Chapter VI of the UN Charter mandates minimum use of force, only as a last resort and only in self defence as the peacekeepers are intended to be enablers rather than enforcers and any use of force by a Chapter VI UN peacekeeping operation beyond self-defence is illegal under the UN Charter. However, Chapter VII of the Charter authorizes the use of force for enforcement purposes with respect to threats to peace, breaches of peace and acts of aggression. The essential problem lies in the fact that the problems faced by the peacekeeping operations were unforeseen when the UN Charter was drafted and is inflexible to amend. As a consequence, the Charter has been reinterpreted to sanction undertakings which were not intended.
The functioning of the UN has been marked by elitism, US hegemony and a presumed support to globalised philosophies. Saudi Arabia turned down a freshly-acquired seat on the UNSC in October 2013 after it was elected as one of the 10 non-permanent members expressing displeasure over the organisation’s handling of the crisis in Syria[ii].
There is an urgent need to reform the veto structure as the five permanent members no longer represent the most stable and powerful countries in the world. The economic and political spectrums of the global order have changed dramatically since 1945. A World Bank report lists the world’s top five economies in terms of purchasing power parity as US, China, India, Japan and Germany[iii]. Brazil and India have been two of the largest contributors to UN peacekeeping missions while Japan and Germany are second and third largest funders to the organisation.

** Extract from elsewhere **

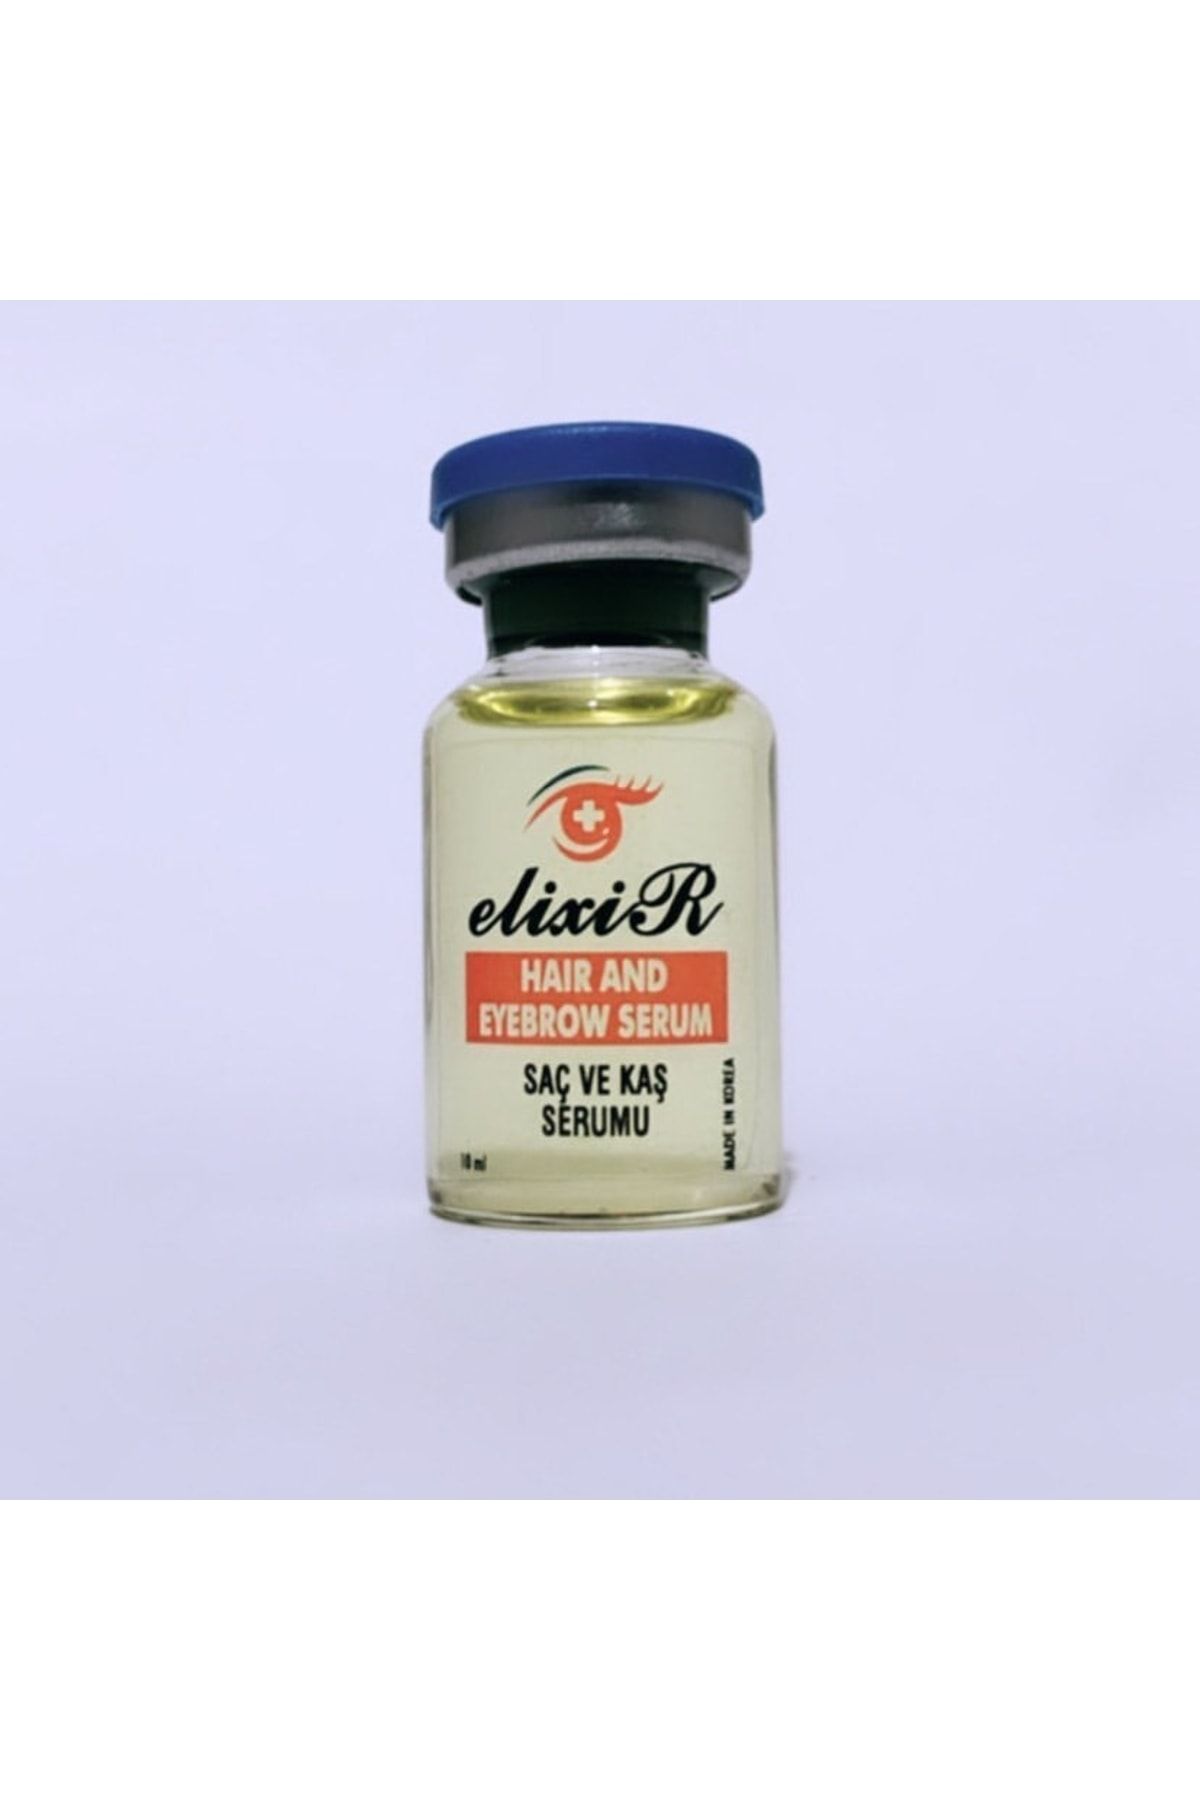 Elixir " Saç Ve Kaş Serumu" Haır And Eyebrow Serum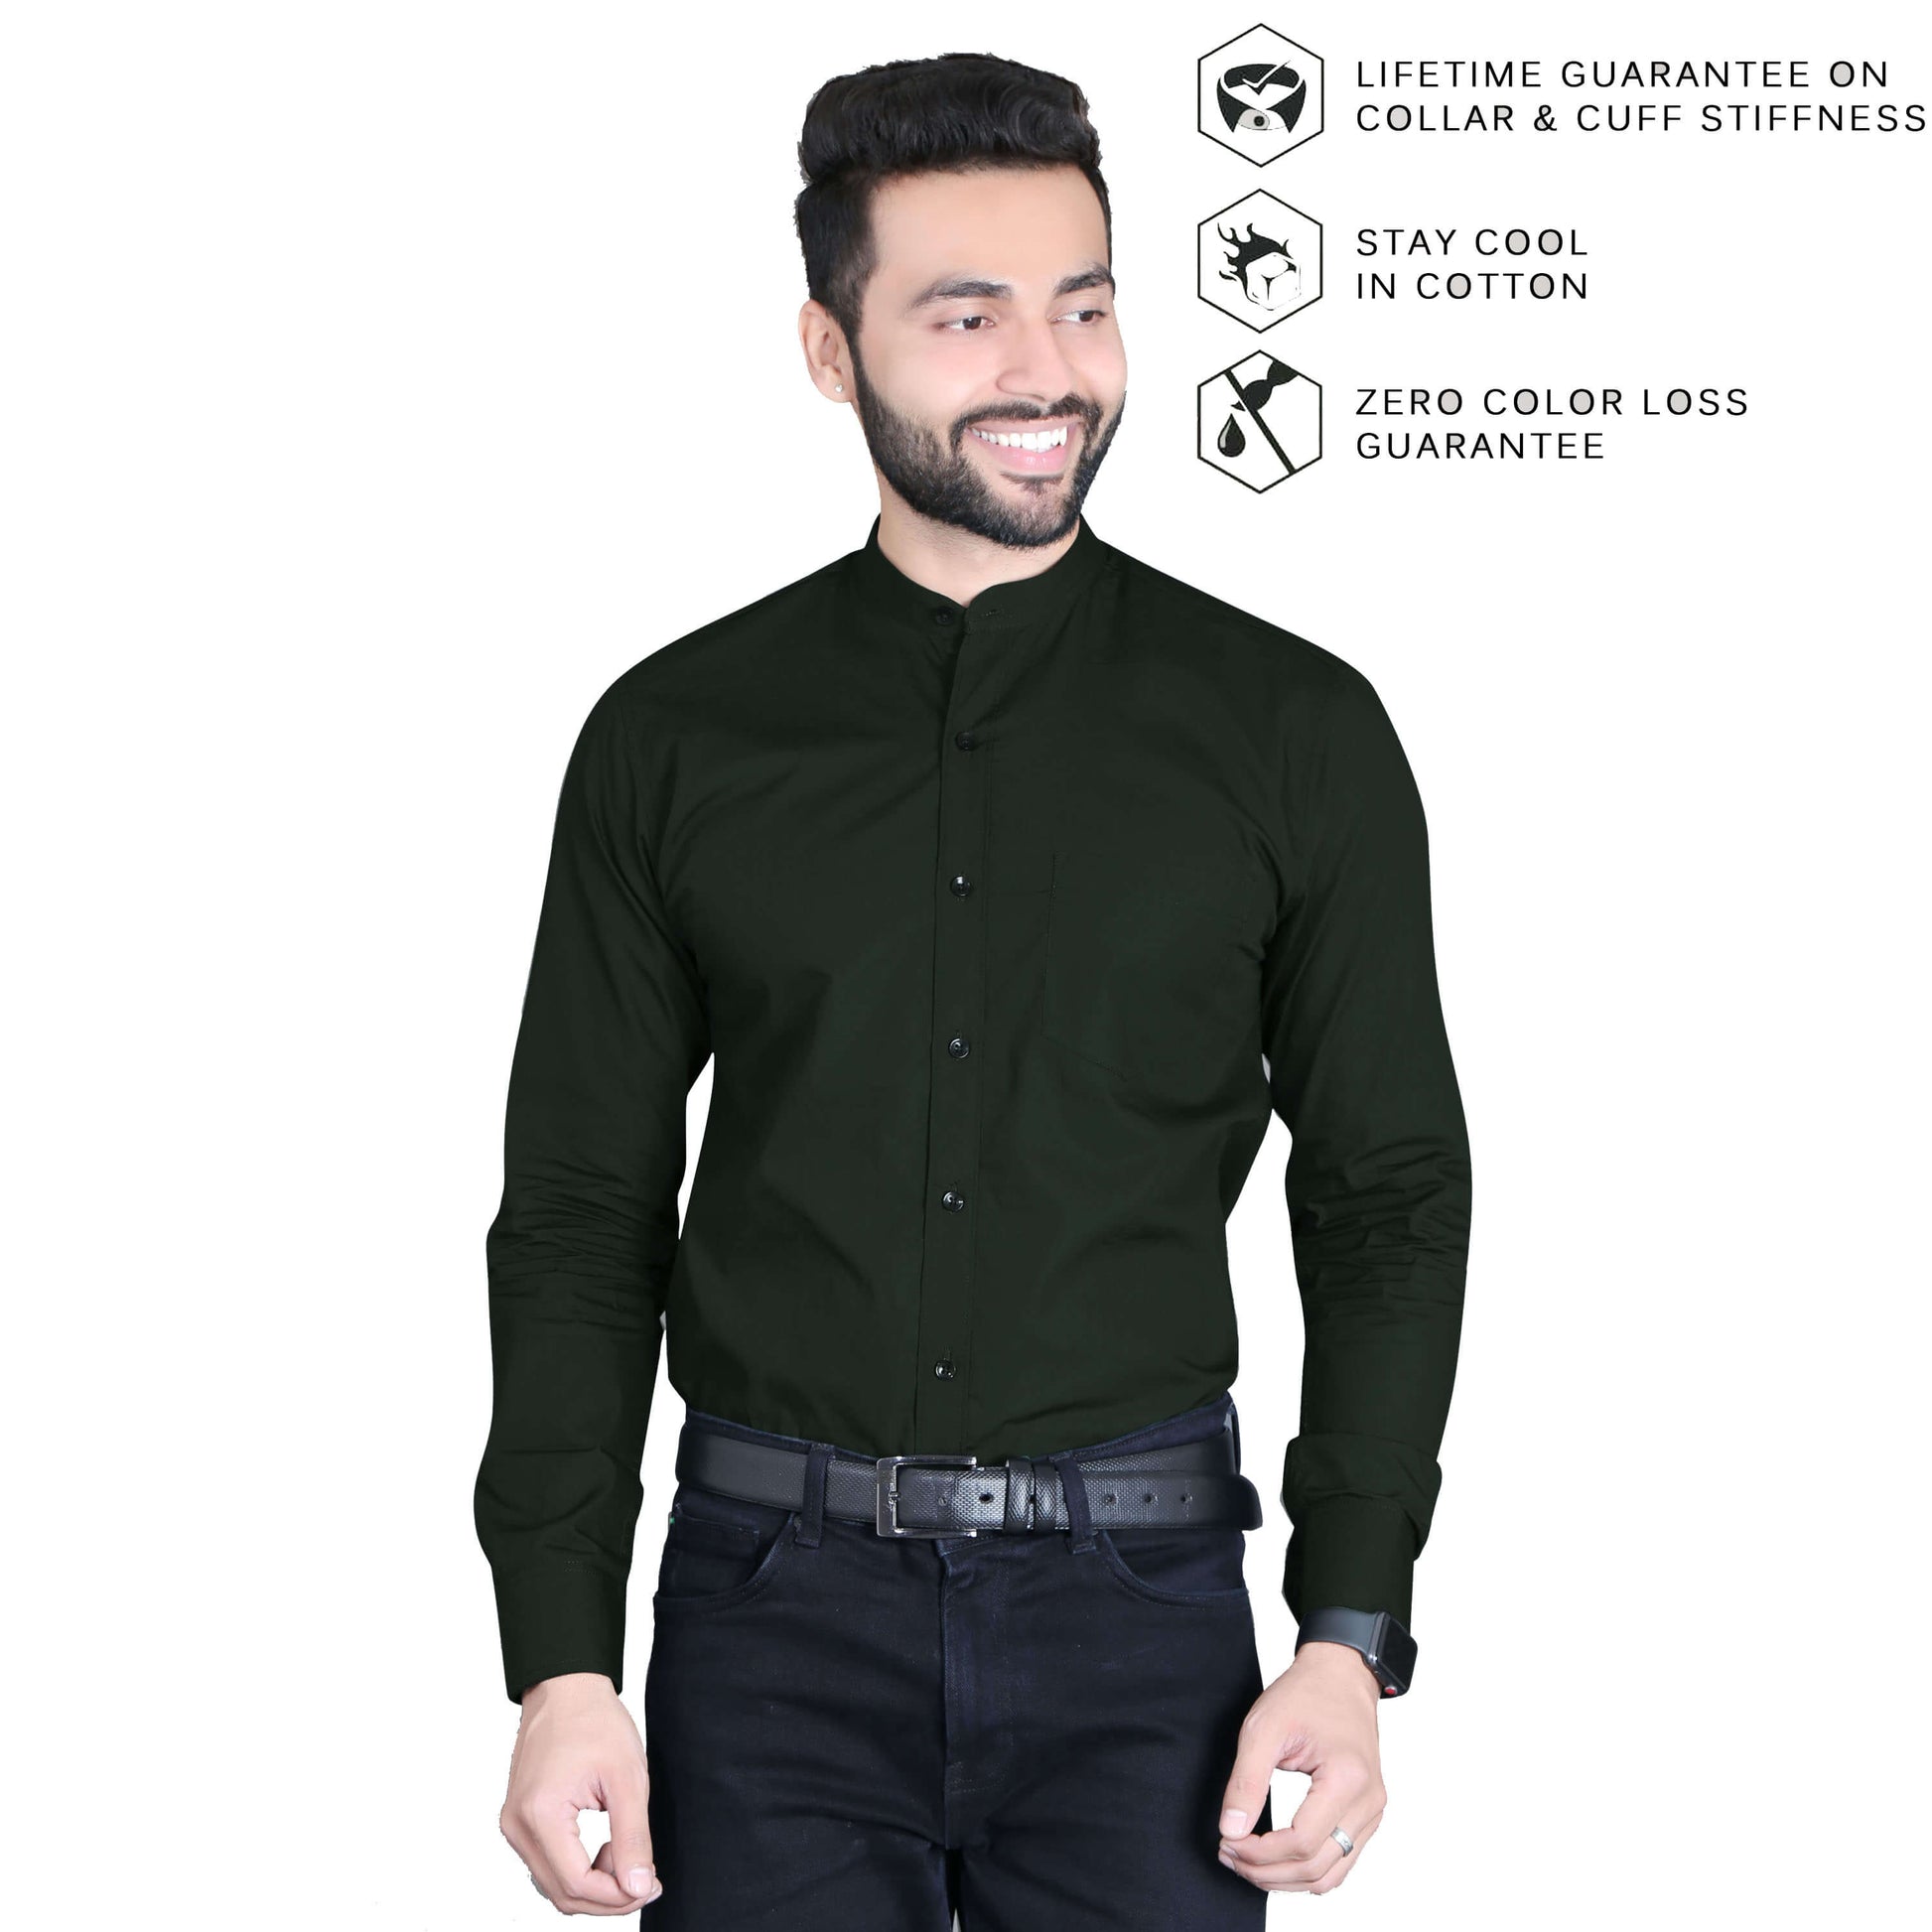 5thanfold Men's Formal Green Full Sleeve Pure Cotton Mandarin Collar Shirt (No Pocket)

But none of the four countries that constitute the G4 find a permanent seat in the Security Council. There is also a need to find a place for an African country in the UNSC to represent the interests of the least developed continent. The current veto structure of the UNSC allows the permanent members to halt any possible action that the organisation may take. The United States has vetoed 32 resolutions critical of Israel despite the country not ever being elected to the Council. The need of the hour is to move from forming a unanimous-decision to a majority-decision to avoid deadlock and ensure smooth governance on important global issues.
The world order since the end of the Second World War has changed from bipolar to unipolar but the 21st century has marked the emergence of a multi-polar world. As countries battle to find their place in the new world order, the United Nations must reform to adjust to the changing realities and reclaim its rightful place as world’s leading inter-governmental organisation.